Now an even more recent paper has emerged by Shimmura and colleagues* (open-access) has confirmed the glutamate findings in relation to autism, or in the case of this paper, high-functioning autism. Indeed out of all the amino acids assayed for, only glutamine and glutamate were significantly different from controls: glutamate higher, glutamine lower. I could go on to talk about glutamate and the hyperglutamatergic hypothesis of autism. How about the link between glutamine and the gastrointestinal (GI) tract instead? Glutamine the 'food of the gut' and what happens when there 'aint enough of it. Glutamine and glutathione connected even?

If there was a take home message from this mega post it would be something like amino acids are important (we know that already); amino acids might be very, very important to conditions like autism and schizophrenia.

* Tirouvanziam R. et al. Distinct plasma profile of polar neutral amino acids, leucine and glutamate in children with autism spectrum disorders. JADD. June 2011.

** Shimmura C. et al. Alteration of plasma glutamate and glutamine in children with high-functioning autism. PLoS ONE. October 2011.

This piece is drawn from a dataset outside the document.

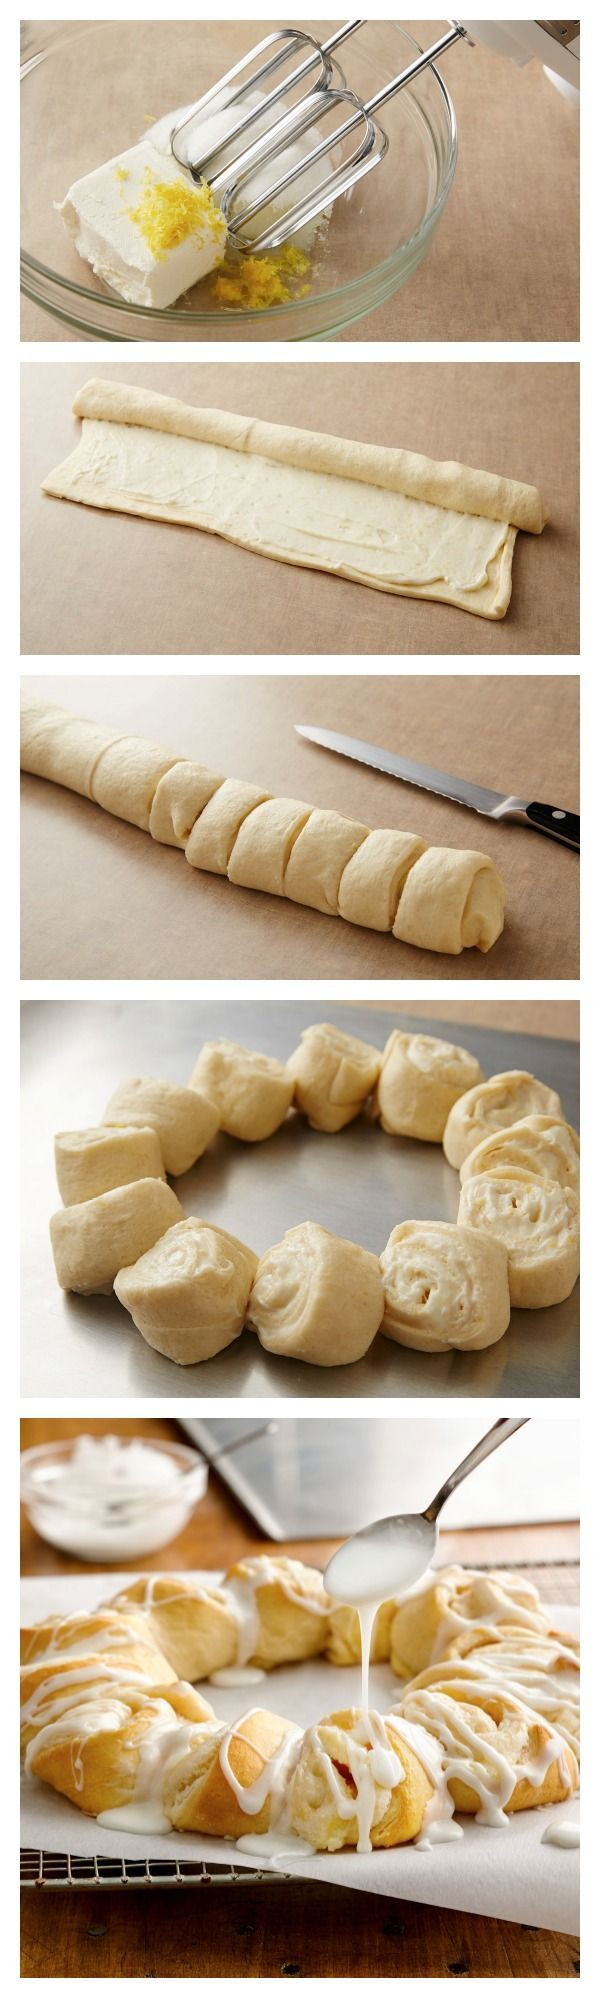 Lemon-Cream Cheese Crescent Ring Recipe Ingredients: Crescent Ring 1 package (3 oz) cream cheese, softened 1/4 cup granulated sugar 1 tablespoon fresh lemon juice 2 teaspoons grated lemon peel 1 ca...

  1. Very Interesting. We just added a DAN doctor to our sons team. He recommended glutamine, caritine, and alpha lipoic acid, so I'm trying to learn more about them.

  2. Thanks Mrs. Ed. My (very) limited knowledge on the subject of glutamine centres on the gastrointestinal angle and the extensive research done on its use. I suppose the ultimate question is why are plasma glutamine levels low for some people with autism; is it a dietary insufficiency, is it the way that dietary glutamine is metabolised or some other comorbid factor, and what I don't seem to be able to find, whether urinary levels of glutamine are different (assuming it is excreted as free glutamine) and whether a similar story to the sulphate angle pertains: low plasma sulphate & high urinary sulphate = not enough to use functionally.